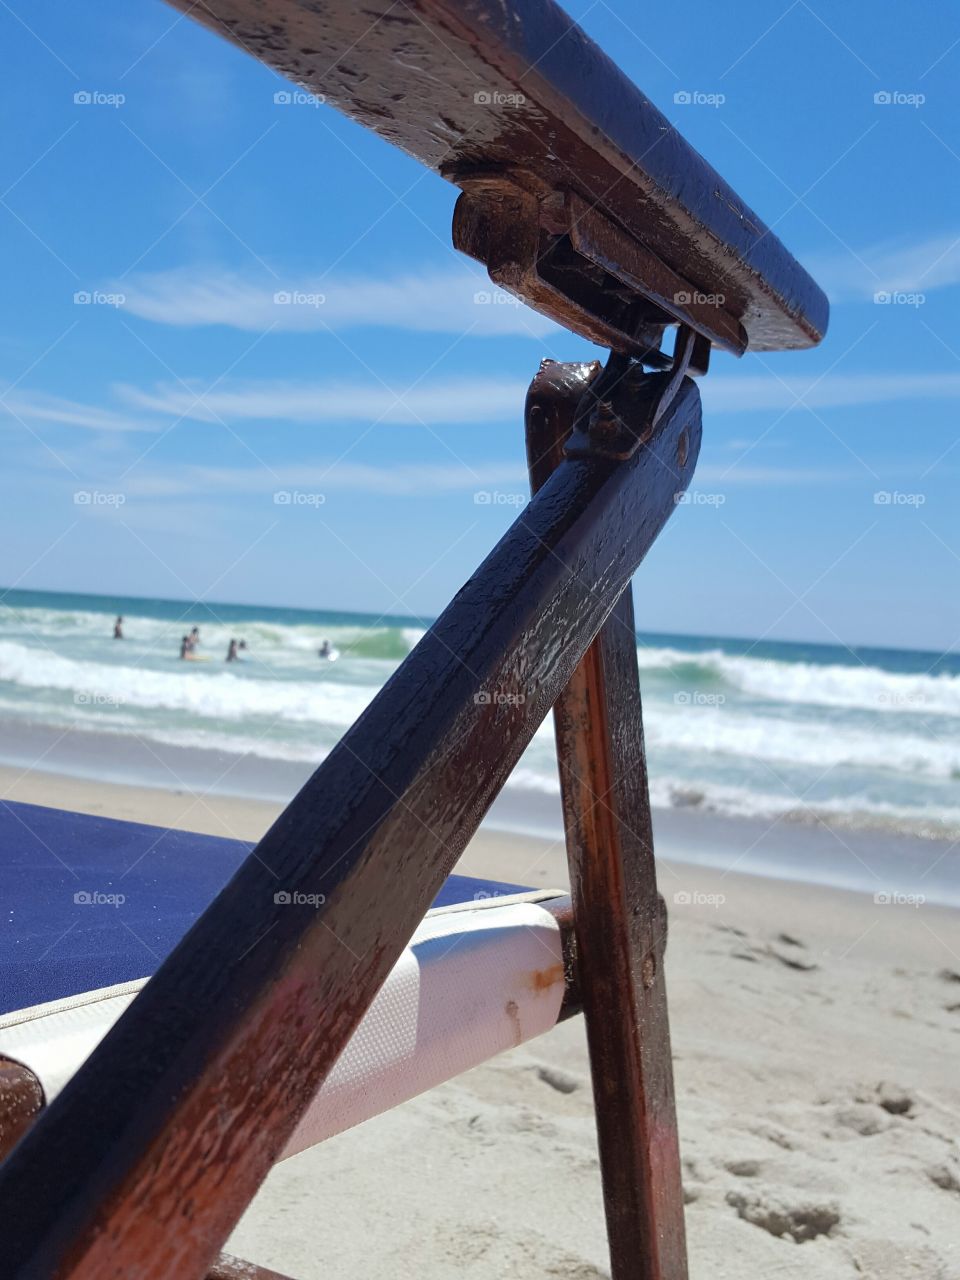 my point of view from my beach chair
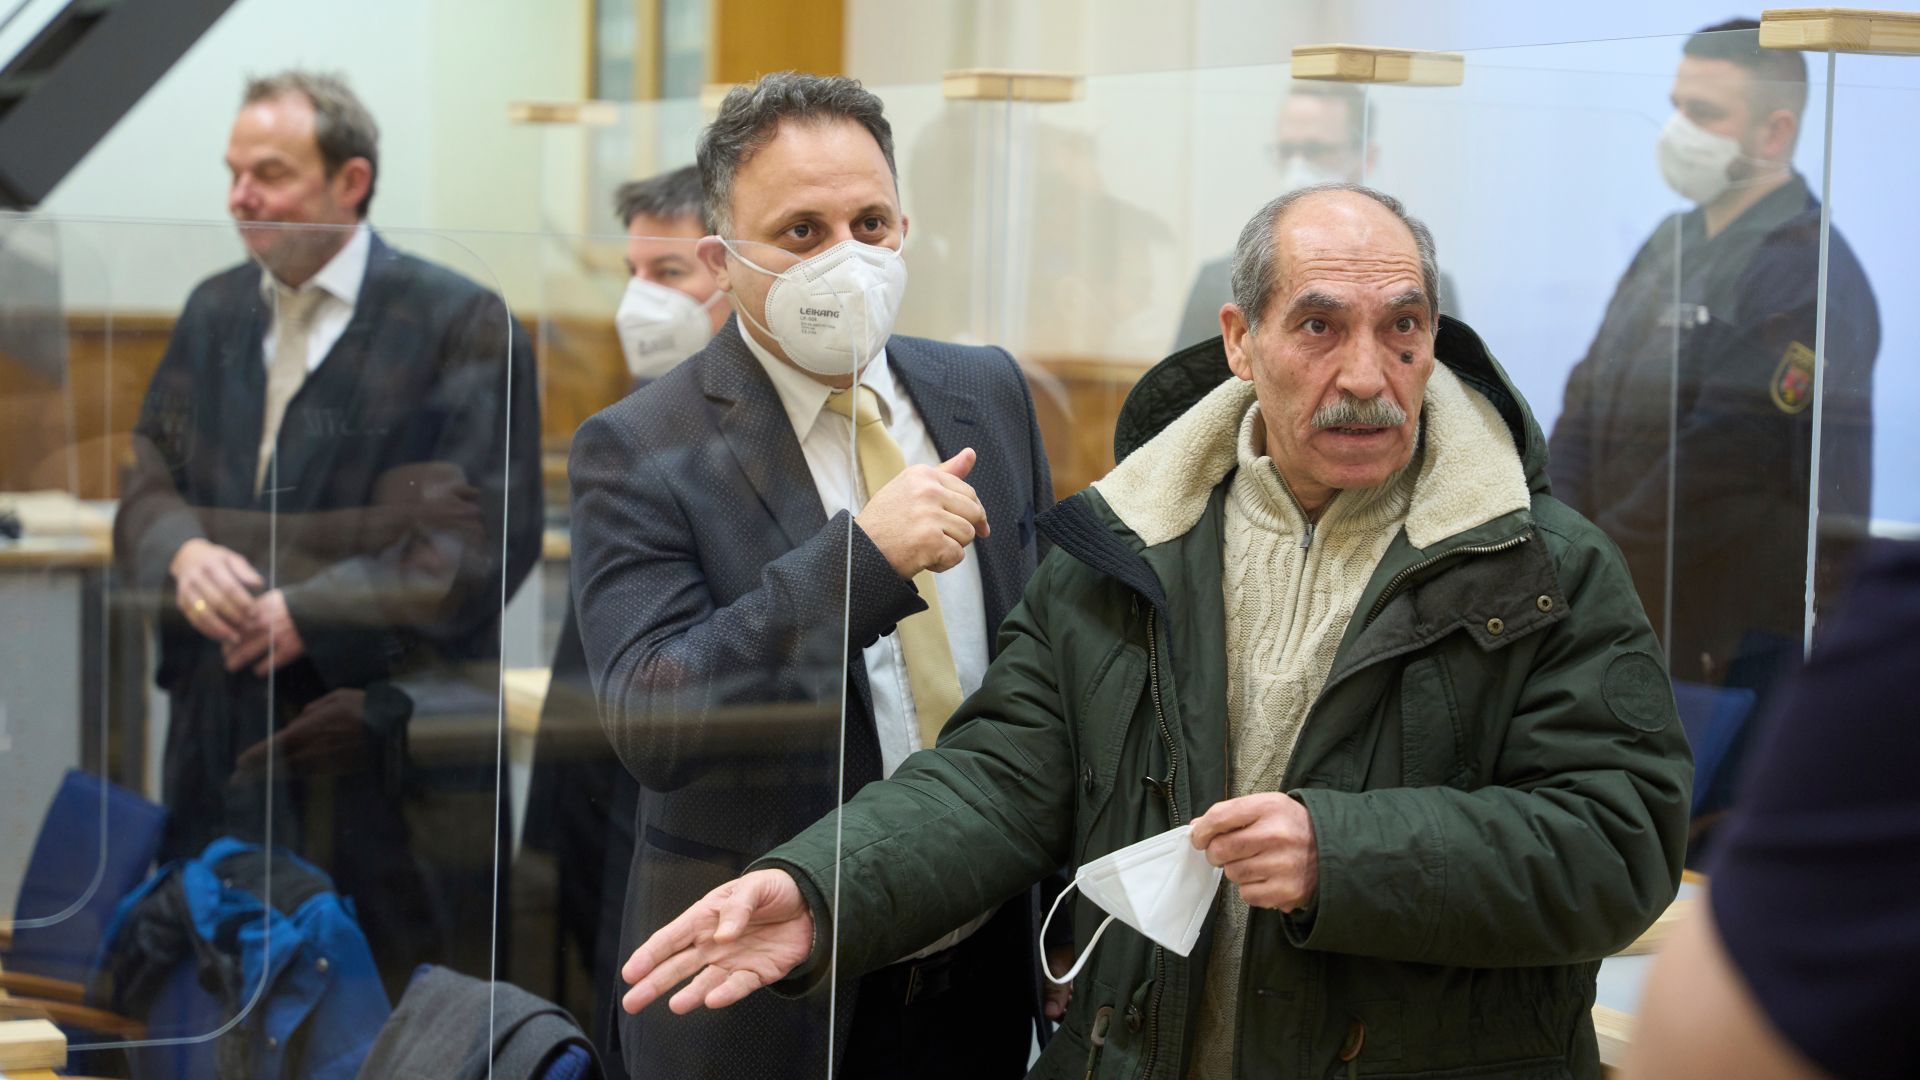 The defendant, Anwar Raslan, right, stands in the courtroom before the pronouncement of the verdict at the Higher Regional Court in Koblenz, Germany, Thursday, Jan. 13, 2022. A German court has convicted the former Syrian secret police officer of crimes against humanity for overseeing the abuse of detainees at a jail near Damascus a decade ago. The verdict Thursday in the landmark trial has been keenly anticipated by Syrians who suffered abuse or lost relatives in the country's long-running conflict. (Thomas Frey/Pool via AP)
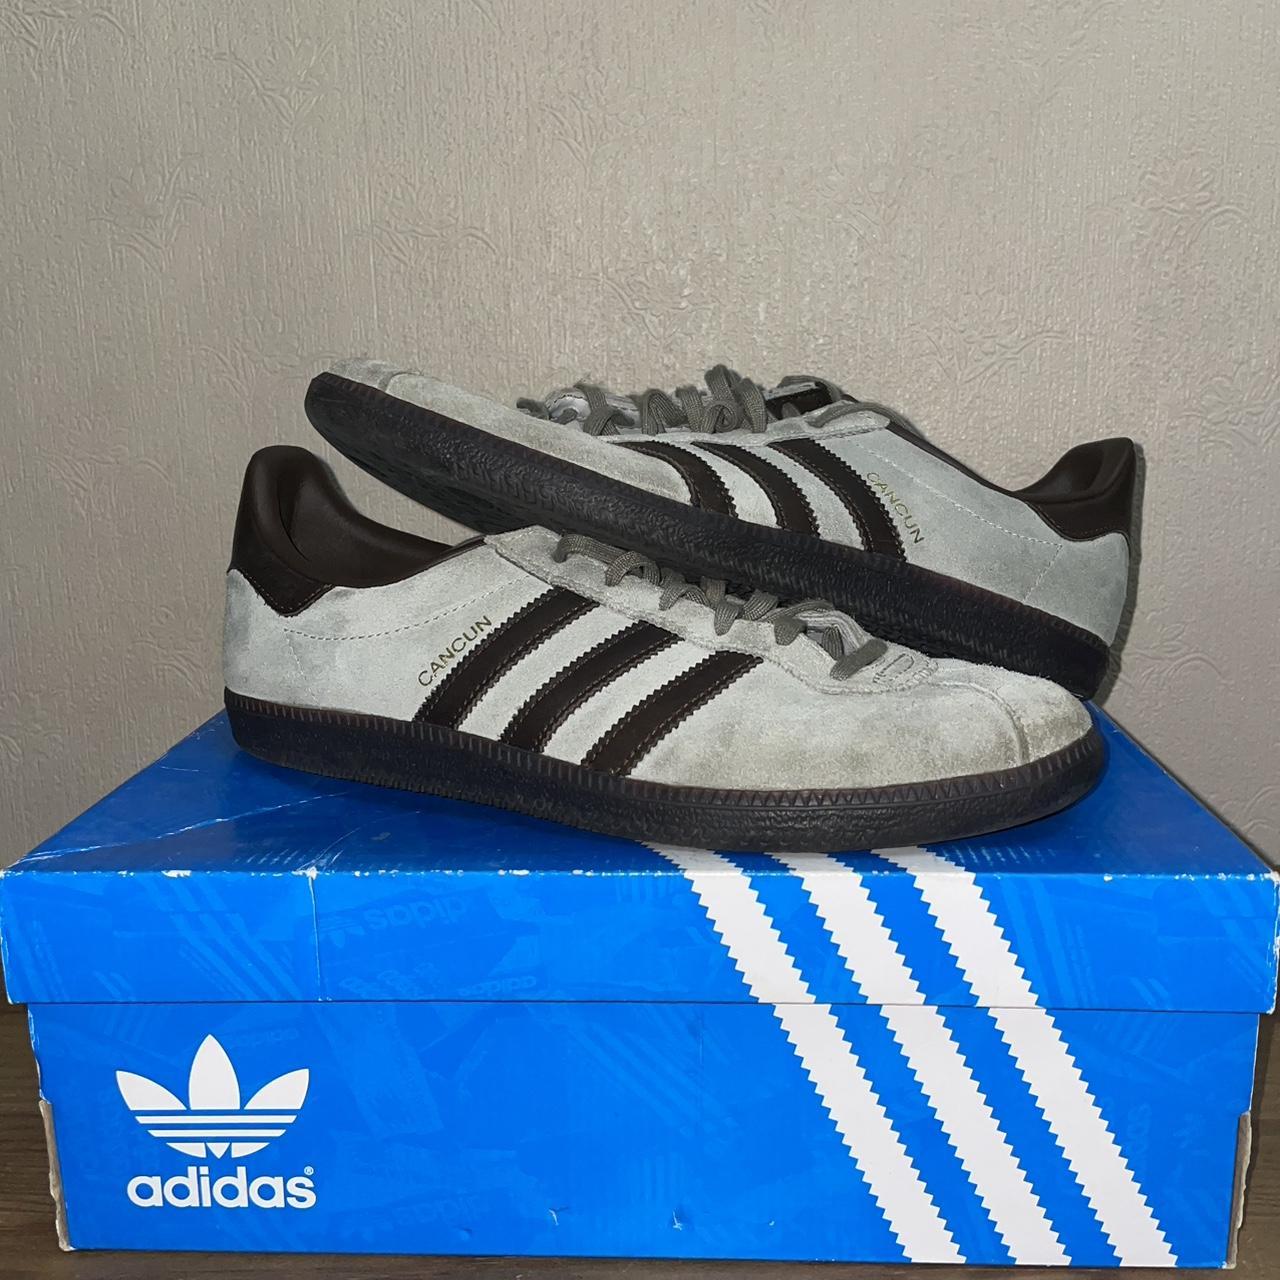 Adidas Cancun (Island Series) Size 8 Perfect for the... - Depop

EXERCISE DETAILS: Write out exactly the lines above, from the very first through the line containing "The defendant, Anwar", both kept, with the pictures removed.

EXERCISE ANSWER:
 my point of view from my beach chair
 The defendant, Anwar Raslan, right, stands in the courtroom before the pronouncement of the verdict at the Higher Regional Court in Koblenz, Germany, Thursday, Jan. 13, 2022. A German court has convicted the former Syrian secret police officer of crimes against humanity for overseeing the abuse of detainees at a jail near Damascus a decade ago. The verdict Thursday in the landmark trial has been keenly anticipated by Syrians who suffered abuse or lost relatives in the country's long-running conflict. (Thomas Frey/Pool via AP)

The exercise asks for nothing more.